Assigned task = Would you please copy the part of the material below that opens with the line containing "Handgezeichnete Doodle Vögel" and closes with the line containing "BTC - Reversal of bearish trend?"? Copy it exactly, and only it.
━━━━
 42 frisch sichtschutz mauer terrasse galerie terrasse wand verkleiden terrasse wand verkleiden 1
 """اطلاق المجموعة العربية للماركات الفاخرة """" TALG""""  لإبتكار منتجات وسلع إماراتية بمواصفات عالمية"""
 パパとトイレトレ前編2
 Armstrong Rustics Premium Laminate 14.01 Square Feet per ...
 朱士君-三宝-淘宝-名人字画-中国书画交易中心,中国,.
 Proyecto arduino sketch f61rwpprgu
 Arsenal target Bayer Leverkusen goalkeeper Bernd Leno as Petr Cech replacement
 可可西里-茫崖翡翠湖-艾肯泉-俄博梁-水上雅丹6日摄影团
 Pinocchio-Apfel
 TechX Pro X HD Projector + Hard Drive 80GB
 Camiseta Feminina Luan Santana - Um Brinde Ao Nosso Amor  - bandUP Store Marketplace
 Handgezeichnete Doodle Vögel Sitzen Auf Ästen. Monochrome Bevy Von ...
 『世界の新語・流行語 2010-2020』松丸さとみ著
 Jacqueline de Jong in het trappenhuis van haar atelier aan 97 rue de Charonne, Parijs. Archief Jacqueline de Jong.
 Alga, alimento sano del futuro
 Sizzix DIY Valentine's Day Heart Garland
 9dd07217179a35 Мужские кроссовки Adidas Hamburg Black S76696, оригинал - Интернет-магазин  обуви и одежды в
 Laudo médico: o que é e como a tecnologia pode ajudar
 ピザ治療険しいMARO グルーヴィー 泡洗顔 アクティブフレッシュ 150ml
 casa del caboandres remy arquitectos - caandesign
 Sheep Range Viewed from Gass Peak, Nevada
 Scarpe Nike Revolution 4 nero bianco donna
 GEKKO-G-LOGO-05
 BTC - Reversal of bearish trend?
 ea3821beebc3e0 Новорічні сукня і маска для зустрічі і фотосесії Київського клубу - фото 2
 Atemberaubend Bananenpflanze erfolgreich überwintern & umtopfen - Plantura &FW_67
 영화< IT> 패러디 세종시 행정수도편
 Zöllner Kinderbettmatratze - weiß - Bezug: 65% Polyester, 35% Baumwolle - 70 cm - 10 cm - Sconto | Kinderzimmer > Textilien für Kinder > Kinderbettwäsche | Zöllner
━━━━
Task result =
 Handgezeichnete Doodle Vögel Sitzen Auf Ästen. Monochrome Bevy Von ...
 『世界の新語・流行語 2010-2020』松丸さとみ著
 Jacqueline de Jong in het trappenhuis van haar atelier aan 97 rue de Charonne, Parijs. Archief Jacqueline de Jong.
 Alga, alimento sano del futuro
 Sizzix DIY Valentine's Day Heart Garland
 9dd07217179a35 Мужские кроссовки Adidas Hamburg Black S76696, оригинал - Интернет-магазин  обуви и одежды в
 Laudo médico: o que é e como a tecnologia pode ajudar
 ピザ治療険しいMARO グルーヴィー 泡洗顔 アクティブフレッシュ 150ml
 casa del caboandres remy arquitectos - caandesign
 Sheep Range Viewed from Gass Peak, Nevada
 Scarpe Nike Revolution 4 nero bianco donna
 GEKKO-G-LOGO-05
 BTC - Reversal of bearish trend?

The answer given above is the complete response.